Superintendents of education for 17 cities and provinces will be elected on the June 1 local elections. A superintendent of education is the head of kindergarten, elementary, middle and high school education, who has the authority to make decisions on the overall education system, including abolition of private high schools or expansion of innovative schools. Superintendents of education also make the final decision on the number of exams conducted annually, school start time, and school lunch menu. They are called “little president of education” as their impact on the education sector is powerful than that of the education minister.
With the election only three weeks away, however, candidates from different political blocs are only busy talking about fielding a single candidate instead of promoting their policies. There are so many pending issues superintendents of education should address, including declining academic ability and the burden of private education expenses worsened by the pandemic, and the collective protest of teachers against the high school credit system, which will be implemented from next year. In the case of Seoul, however, three candidates from the center and conservative camps continued to negotiate over how to unify candidacy until Wednesday, one day before the registration of candidates. Three candidates from the progressive camp, including the current superintendent of education for Seoul, Cho Hee-yeon, are also discussing whether to field a single candidate or not. As for Gyeonggi Province, discussions on education policies are nowhere to be seen as candidates from the progressive camps are busy negotiating over merger of candidacies.
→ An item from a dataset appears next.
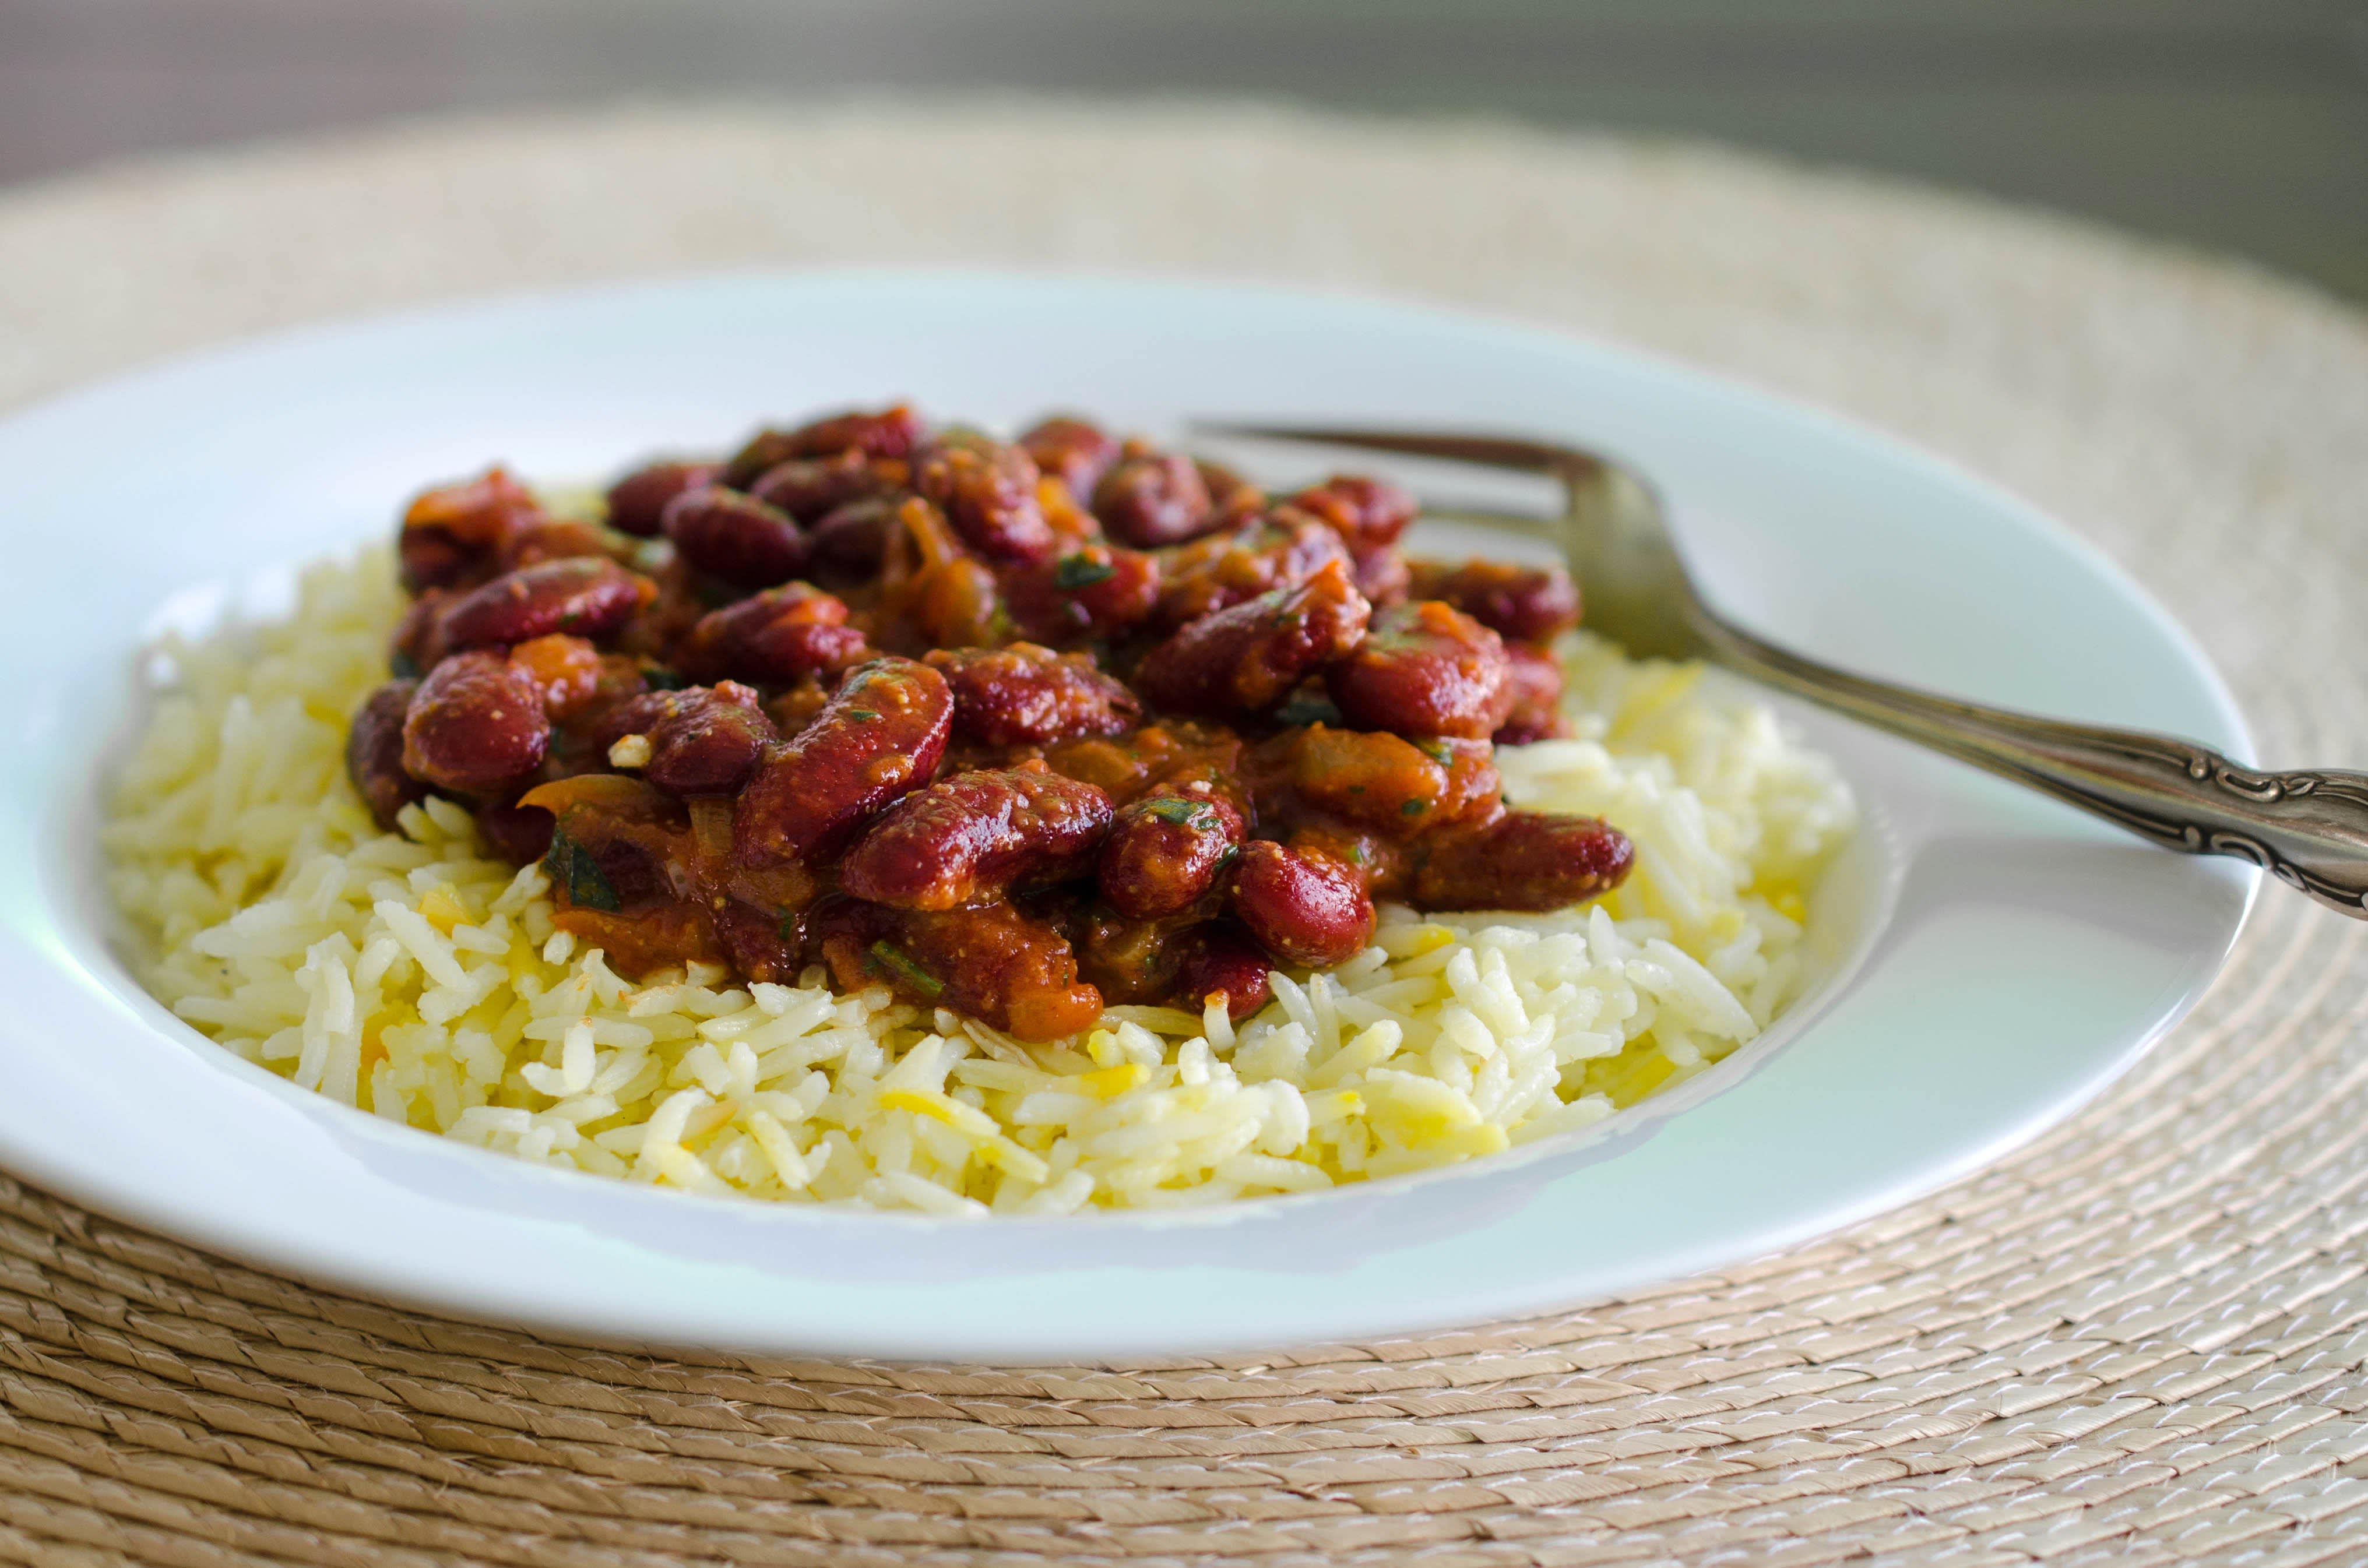 Recipe: Red Kidney Bean Curry with Rice (Rajmah Chawal) | Kitchn

The reason why candidates are only interested in merging candidacies is because it could make or break the election result due to voters’ indifference. When the election for superintendent of education was held separately, voter turnout was only around 10-20 percent. Voter turnout has increased since 2010, when it began to be held together with the local elections, but only four out of 10 voters said they cast their vote knowing the names and policies of candidates. It means most of the voters cast their vote based on the candidates’ political party. In the 2014 and 2018 superintendent of education elections in Seoul, candidates from the conservative camps won the majority of the votes, but lost to Cho Hee-yeon, the single candidate from the progressive camp, because they did not merge candidacies.
Many superintendents were found to have given kickbacks in the process of merging candidacies or illegally appointed someone after election after the direct election of superintendents of education was introduced in 2007 under the pretext of realizing autonomy in education. Political neutrality of education is a value stipulated in the Constitution, but there are continuing controversies surrounding elementary, middle and high school education being inclined toward either left or right, depending on the political orientation of the superintendent of education. It is necessary to reconsider whether the current form of superintendent of education election should be left as it is when it produces corrupt superintendents of education and turns education into a political scene by wasting taxpayers’ money.